In this mode, the operator leverages their cognitive abilities and physical movements to guide the robot's actions. The system implemented in this study incorporates a human-operator control mode, which facilitates selection of the target object and the manipulation method. As it is challenging to parse control signals directly from the human brain, a motion capture device was designed to interpret brain signals and transmit commands to the robot. This device includes data gloves for recording the position of finger joint and IMU for recording the position of arm joint, as the operation-site depicted in Figure 4. The data gloves use serial communication, and the IMU uses Bluetooth communication. video is available in the Supplementary material.

Figure 4. The hardware platform for shared control. The Remote-site and the operator-site are separated by a black baffle. The left half is remote-site and the right half is operator-site. The remote site consists of an UR5e robot arm and a custom robot hand to interact with the environment, a local camera to estimate the position and size of objects, and a global camera to provide feedback. The operator-site consists of three IMUs for obtaining the arm joint position and gloves for obtaining finger joint position.

The shared control hardware platform comprises of an operation-site and a remote-site with a delay of approximately 30 ms. The remote site comprises a robot arm and a custom robot hand (bin Jin et al., 2022), which is optimized to replicate the natural movement of the human hand, and is equipped with 6 active and 15 passive degrees of freedom. The custom hand is designed to adapt to the shape of objects and has a loading capacity of 5 kg. Furthermore, it passed 30 out of 33 grasp tests on everyday objects according to the taxonomy of Feix et al. (2016), demonstrating its suitability for manipulation and using objects in daily life. The remote-site also includes a local camera Realsense D435 for estimating the position and size of objects, and a global camera logitech carl zeiss tessar hd 1080p for providing feedback to the operator.

In the operation site, a full-degree-of-freedom data glove is employed to record 20 finger joints with high precision (< 1 accuracy). The pip joint, which offers the largest workspace, controls the bending of the fingers. Moreover, the ab/ad joint directly corresponds to the respective human hand joints. To mitigate the jitter effect during hand movement, a low-pass filtering method is applied for a smooth and stable hand motion.

The robot hand's palm pose is entirely governed by the human hand's wrist. The control signal is derived from the wrist's pose relative to the shoulder, inferred from the angles of the arm joints recorded by three inertial sensors secured to the arm. Specifically, three IMU sensors are attached to the upper arm, forearm, and wrist to measure the angle information of the shoulder joint, elbow joint, and wrist joint. With the shoulder joint as the reference point and considering the arm's length information, the position and posture of the wrist joint relative to the shoulder are calculated for system control.

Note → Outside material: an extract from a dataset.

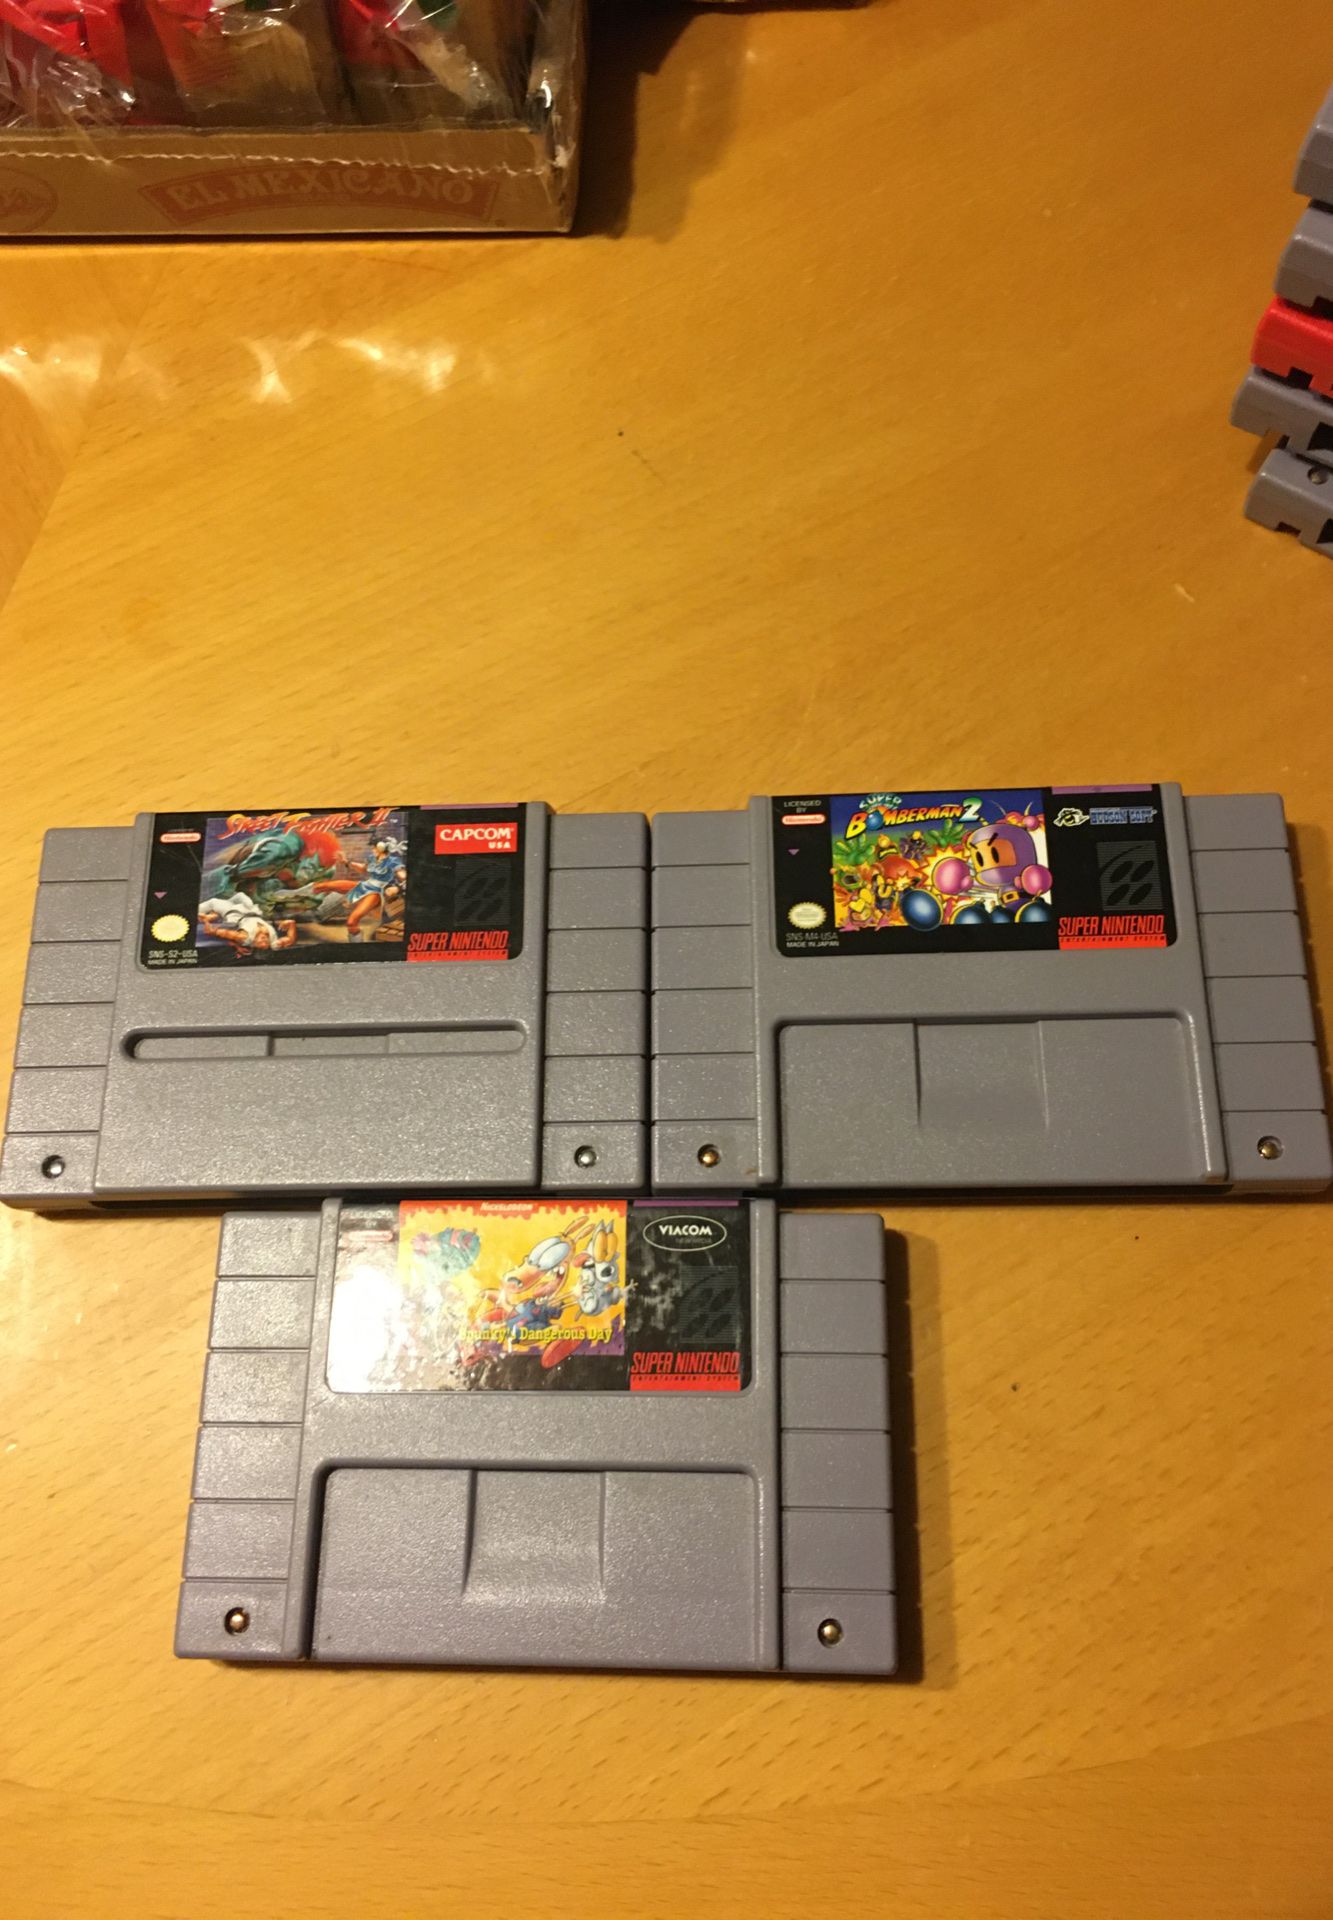 3 Super Nintendo games

In a two-dimensional visual field teleoperation system, inefficiency can significantly arise from the operator's inadequate ability to perceive depth. Figure 5, depicts the depth estimation test of the operator. Figure 5A is a test scenario in MuJoCo, where the red ball represents the actual position of the wrist, with a diameter of 1.6 cm; the green square is the target position of the wrist, with a side length of 2 cm, and each test varies randomly within the range x, y, z∈ [–5 cm, 5 cm]. The operator estimates the depth by comparing the size of the objects in the field of view. The camera's field of view direction is vertically downward along the z-axis, and the initial distance from the target position is 50 cm. Two groups of experiments were conducted with different operators, each experiment being conducted 20 times, resulting in the outcome shown in Figure 5B. The average error was 2.4 cm, and the fluctuation range was large. Among them, 30% of the results exceeded a range error of 5 cm, which would significantly reduce the success rate of the task.

Figure 5. (A) Teleoperation of a two-dimensional visual field depth estimation scenario, with the goal of aligning the center of the red ball with the center of the green square; (B) Statistical results of the position error in depth direction.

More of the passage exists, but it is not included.